Our interrupt handler for the PIT timer PIT_IRQHandler, was called every 1/60th of a second (60 Hz) so we could write to serial under that frequency. In this function, we would disable the timer, call sendCurrentData, and then enable the timer as well as clear the flag.
Within our main function we first set up UART by calling init_uart and then set up the accelerometer by calling the following functions: BOARD_InitPins, BOARD_InitBootClocks, and BOARD_InitDebugConsole. After setting up UART and accelerometer, we set up PIT interrupts, enabled the clock, set the load value of the 0th PIT to be 1/60th of a second, and enabled interrupts. Lastly, we would call the function updateData within an infinite loop to continuously poll data and send it when necessary.
Technical Description of our C# code (GUI and reading accelerometer data):
Our implementation for the frontend of our game and reading of accelerometer data sent through serial uses Godot and C# System.IO.Ports. The motion of the marble maze is controlled through Level.cs, which is attached to every level in the game. The function _Ready initializes the port by setting the port name, the baud rate to 115200, the read timeout to be 1000 ms, and opens a new serial port connection by calling _port.Open(). The function _Process, which runs 60 times per second, reads up to the newline value in the input buffer which contains the smoothed accelerometer data and forms an array consisting of the x, y, and z positions. The function _PhysicsProcess sets the orientation of the marble maze with respect to the accelerometer data from the board by using the function LookAt.

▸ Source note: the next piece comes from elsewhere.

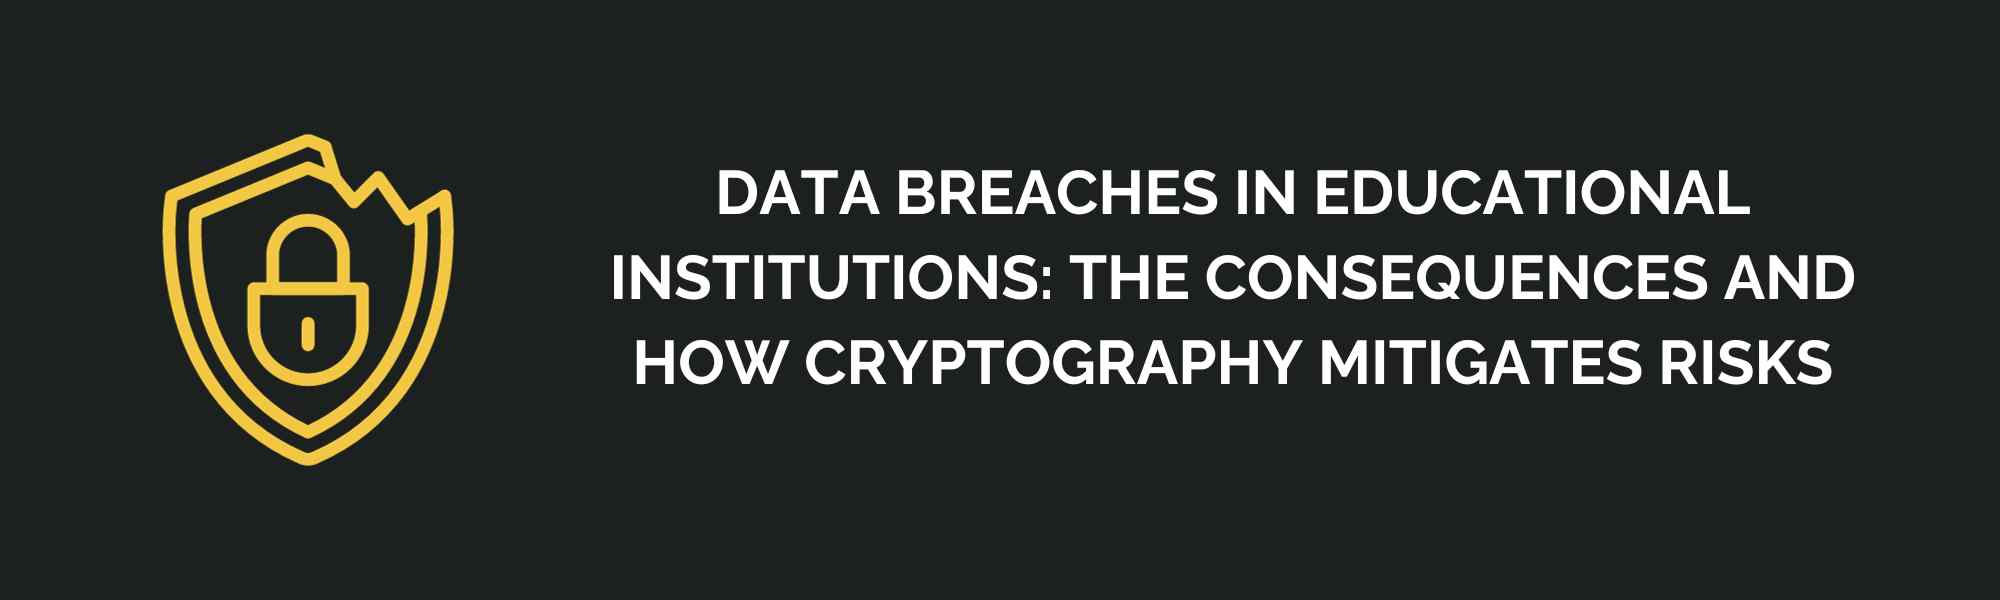 Data Breaches in Educational Institutions.

When the game is initialized, Game.cs loads the game levels and instantiates the first one. We made heavy use of callback functions and Godot signals to do things like trigger ball spawning and level changing. The first level sets up the port as described above, and also requests for the game to spawn the correct number of balls for how many goals the level has. Each Goal.cs goal contains an Area that detects when it collides with a physics body. When this happens, the ball and the goal are removed from the scene and queued for freeing, and the goal emits a signal GoalHit that the goal has been hit. In the level, the signal handler counts down how many goals remain. When all goals have been reached (0 goals left), the level emits LevelComplete to trigger the switch to the next level. In Game.cs the current level is queued to be freed and the next one is instantiated and added to the scene. Finally, Ball.cs handles when a ball goes out-of-bounds by setting its position to the origin and its velocity to 0.
Additional Resources Used
We used the relevant accelerometer code that was from the issdk examples in MCUXpresso IDE as the starting foundation for our accelerometer code. We used the serial example serial_example.c posted on Canvas to help initialize UART. Additionally, we used Godot Engine and it's documentation Godot Docs to create the GUI and read the data sent from the serial port.
Work Distribution
Throughout this project, we worked together by calling each other on Discord and pair-programmed using VSCode Live Share. The majority of the project was done together during call, with exception to Changyuan figuring out how to create the maze using Godot and setting up the initial codebase with the accelerometer code and serial example by himself. We tested our system together by screen sharing the GUI while we moved the maze with the board and by seeing how our accelerometer data changed during the smoothing process. Additionally, we created the project video and the webpage together.